Я протянул руку, и Жека развязно пожал ее, мрачно глядя в сторону.
— Где ты познакомился с Тамарой? — спрашиваю у него.
— Где надо, там и познакомился, — ответствовал Жека, смачно сплюнул и заржал, будто бы удачной шутке.
Дашка-Тамарка защебетала:
— Ой, это ваще… Иду я, …короче, вся такая (показывает, какая именно), иду — под ноги не смотрю, короче, — и типа ПАДАЮ!!! Пипе-е-ец, короче! И, блин, сижу вся такая, типа, охуеваю прямо — жесть, короче! Ногу типа ударила, коленку — боли-и-ит! (тут она сморщилась и жалостливо потерла сетчатое колено). Короче, сижу на асфальте, а тут — Жека.
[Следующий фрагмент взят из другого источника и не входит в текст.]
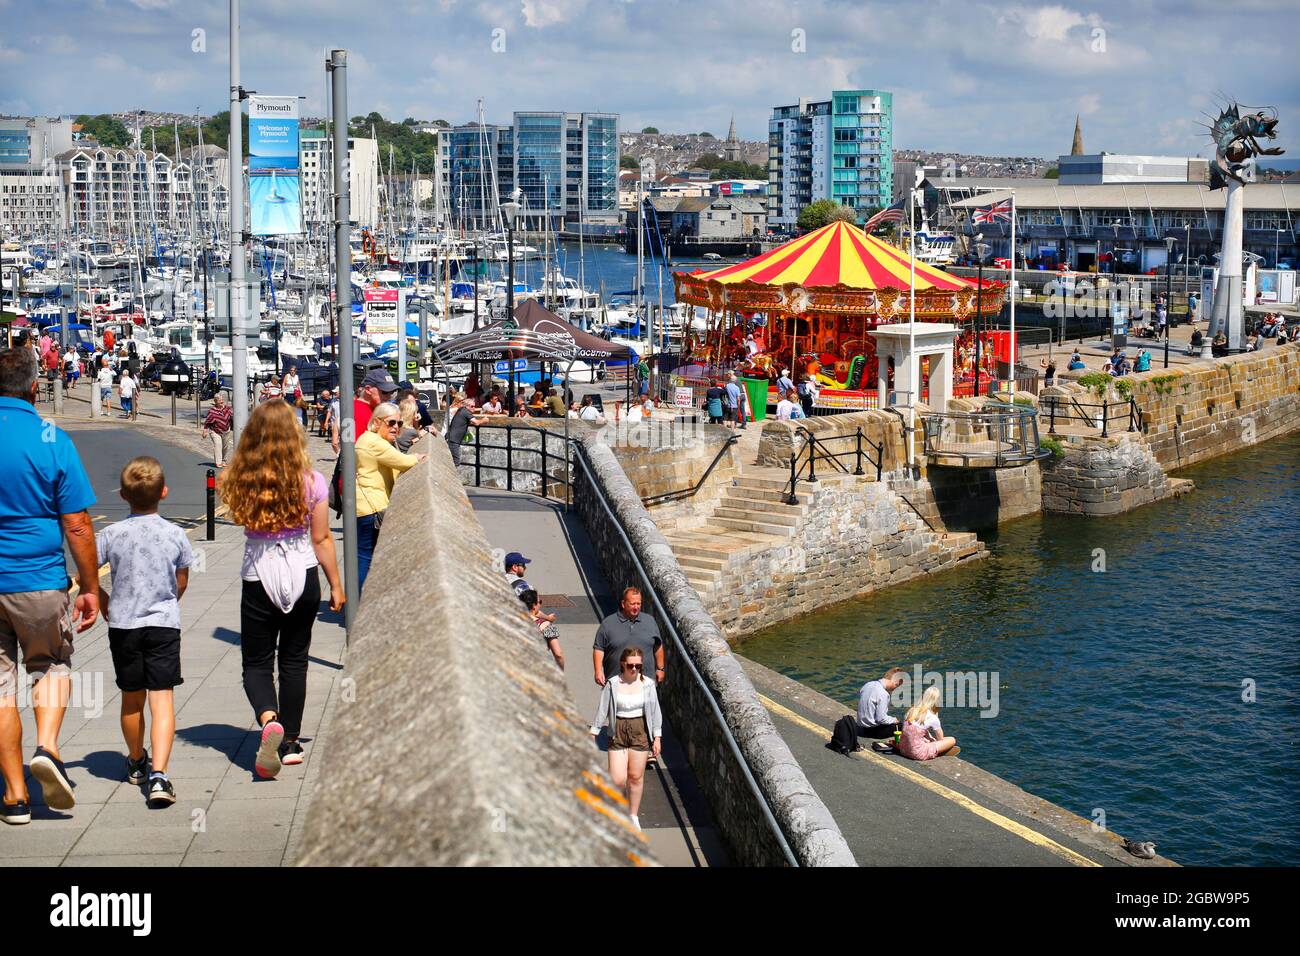 The Barbican in Plymouth, Devon, UK. View looking towards Sutton Harbour with the Mayflower Steps seen in front of the Victorian Carousel. Stock Photo

Пацаны все мимо идут, короче, — а он подходит такой, поднял меня, юбку поправил… Я ж упала, короче, а юбка задра-а-алась!.. — Тут Тамарка прыснула, закрыв лицо руками — это очень правдоподобно вышло, по-девчачьи — и застонала от смеха, покачиваясь туда-сюда. Видно, Тамарка Дашку насмешила…
Я не верил ни глазам своим, ни ушам. Именно тогда я понял простую, как апельсин, вещь: какой гениальный человечек моя супруга. Рисование, стихи, проза, танцы, общение, любовь… (ибо это — тоже талант!) — а еще и актерство!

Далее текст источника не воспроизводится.